Other studies have determined the occurrence of certain motifs in TRNs. Figure 1(a) shows the structure of common network motifs, namely, a feed forward loop (FFL), bifan, and single input motif (SIM). The bifan is a special case of the more general type multiple input motif (MIM). Figure 1(b) shows real examples of SIM, MIM, and FFL . The FFLs can be of two types: coherent and incoherent depending on the match and mismatch, respectively, of the regulatory effects via the direct and feed forward paths . In another work studying the dynamic structure of the TRN of yeast, five subnetworks were generated based on the static TRN, two of them related to cell cycle and sporulation (endogenous conditions), and the other three related to dioxic shift, DNA damage, and stress response (exogenous conditions) . This study showed that FFLs are overrepresented in the networks related to endogenous conditions, whereas single input motifs are overrepresented in the networks related to exogenous conditions.

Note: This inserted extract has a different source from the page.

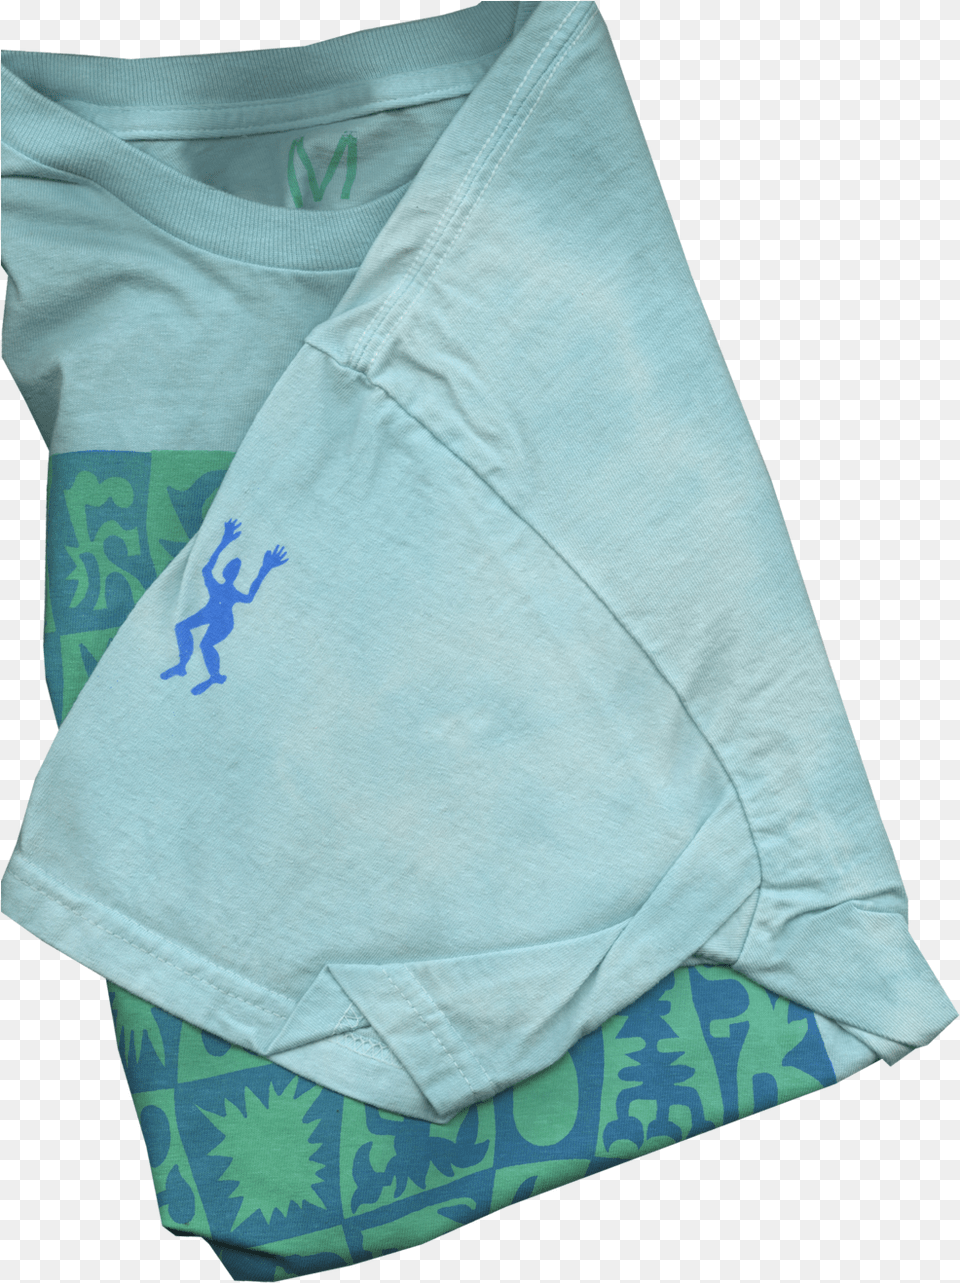 Magic Carpet Sleeve Cool Triangle, Clothing, Shirt, Blanket, Diaper Png

3. Protein-Protein Interaction (PPI) Networks
Here we discuss PPI network concepts, how PPIs are determined, and the properties of PPI networks.
3.1. What Is a PPI Network?
In cells, thousands of different types of proteins act as enzymes, catalysts to chemical reactions of the metabolism, components of cellular machinery such as ribosomes, regulators of gene expression, and so on. Some proteins play specific roles in special cellular compartments, whereas others move from one compartment to another carrying mass or information.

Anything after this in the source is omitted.